WWII internment camp in Nazi-occupied France

The Beaune-la-Rolande internment camp was a transit and detention facility (Note: Transit camps briefly held prisoners before deportation to other Nazi camps.) operated by French and German authorities in Nazi-occupied France during the Second World War. Built in 1939 in the Beaune-la-Rolande commune, Loiret, to house German prisoners of war, it was repurposed after France's defeat in 1940 to detain French POWs. From 1941, it was used to intern foreign-born Jews living in the Paris region. In May 1942, following the establishment of direct German control, mass deportations to extermination camps, primarily Auschwitz, began. Among the victims were more than 1,500 children arrested during the Vel' d'Hiv Roundup and deported via Beaune-la-Rolande to Auschwitz, where most were murdered.

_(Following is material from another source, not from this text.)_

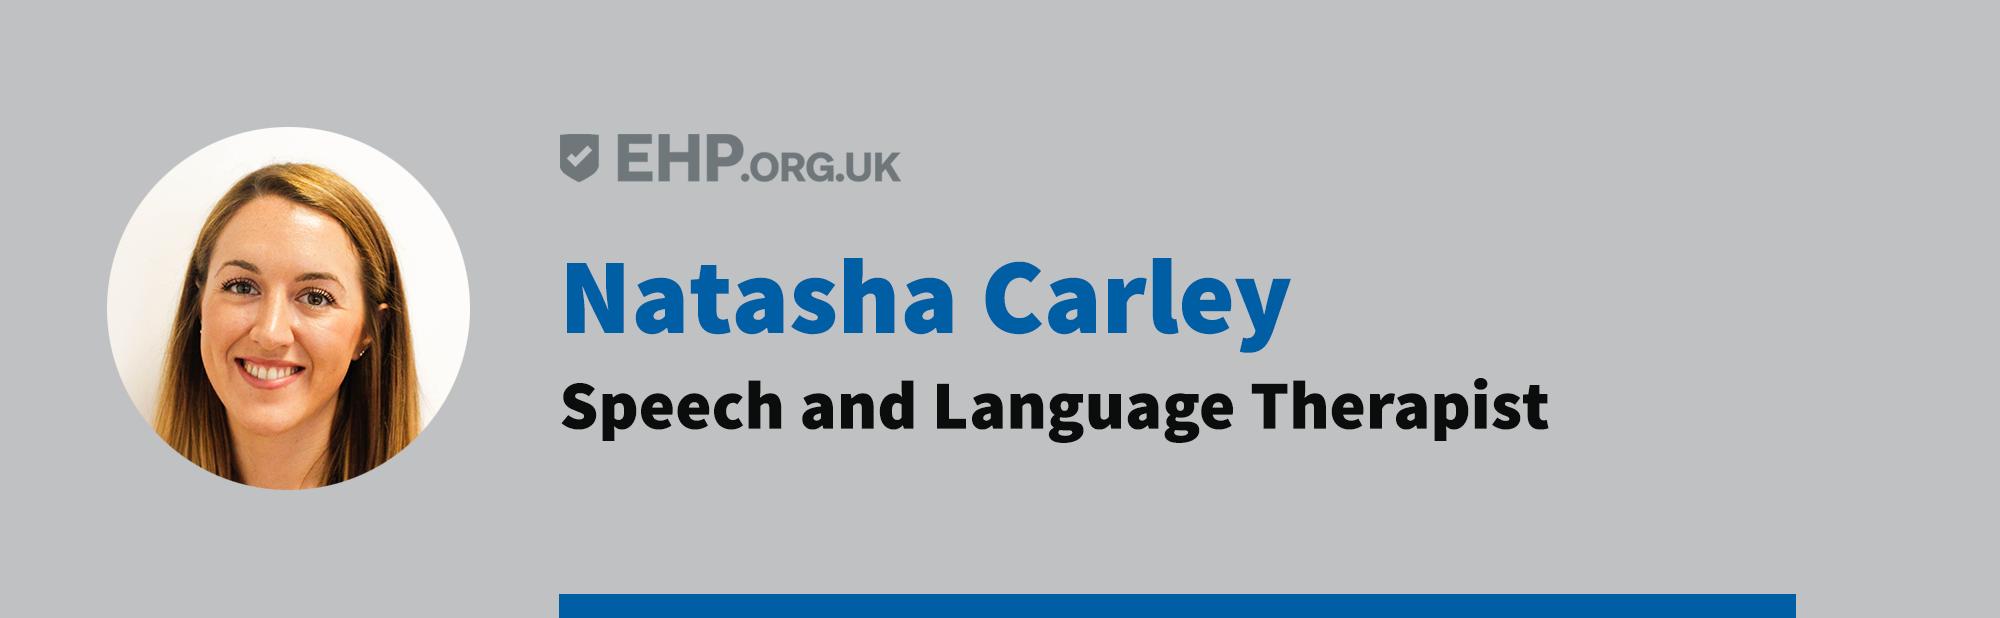 Natasha Carley - Speech and Language Therapist
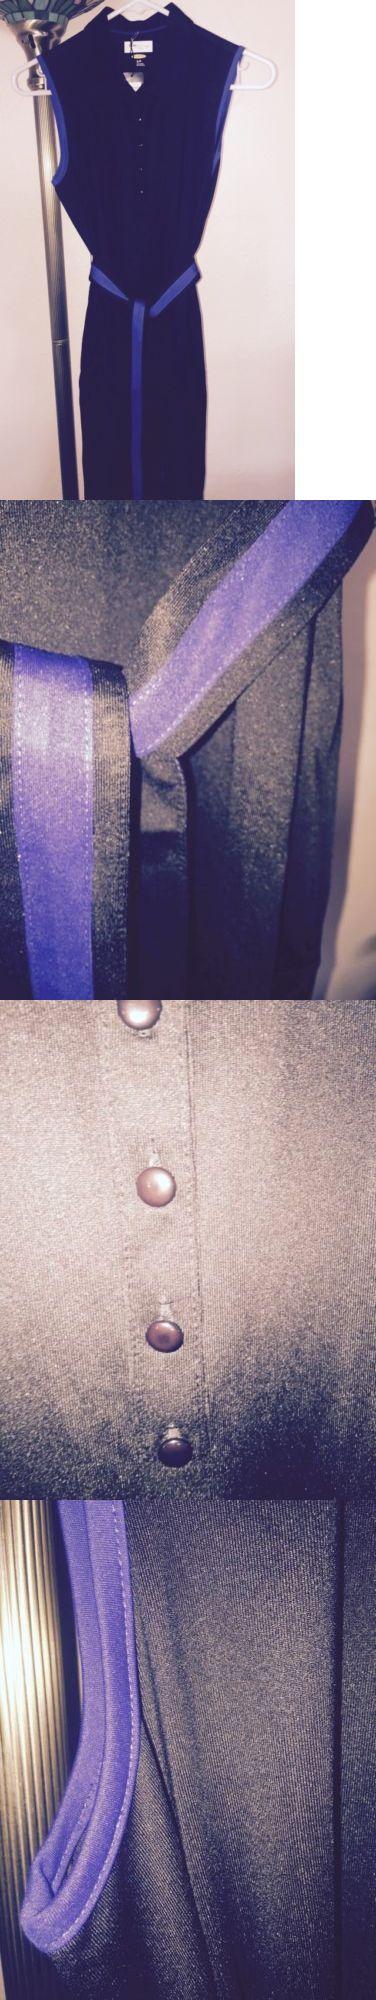 Skirts Skorts and Dresses 179003: Nwt Greg Norman Black Sleeveless Golf Dress W/Blue Trim Sz Small -> BUY IT NOW ONLY: $36.99 on eBay!

After returning to French control in September 1942, the camp was used to hold political prisoners and individuals considered "non-deportable" before its closure in August 1943. Alongside Drancy and Pithiviers, Beaune-la-Rolande formed part of the core internment and deportation infrastructure in the northern zone. An estimated 6,800 Jews passed through the camp; most were deported to Auschwitz and killed. Notable detainees included the impresario René Blum and physician Adélaïde Hautval. The camp remains a focus of Holocaust memory, education and historical research in France.

== Background ==
Following the defeat of France in June 1940 and the signing of the Armistice, Marshal Philippe Pétain was granted full powers by the French Parliament on 10 July 1940, marking the end of the Third Republic and inaugurating an authoritarian collaborationist government. The country was divided into two zones: the Occupied Zone under direct German military control, and the so-called Free Zone administered by the Vichy regime. The Vichy regime rapidly enacted antisemitic laws and cooperated with German authorities in identifying, arresting, and interning Jews, Roma, political opponents, and other targeted groups.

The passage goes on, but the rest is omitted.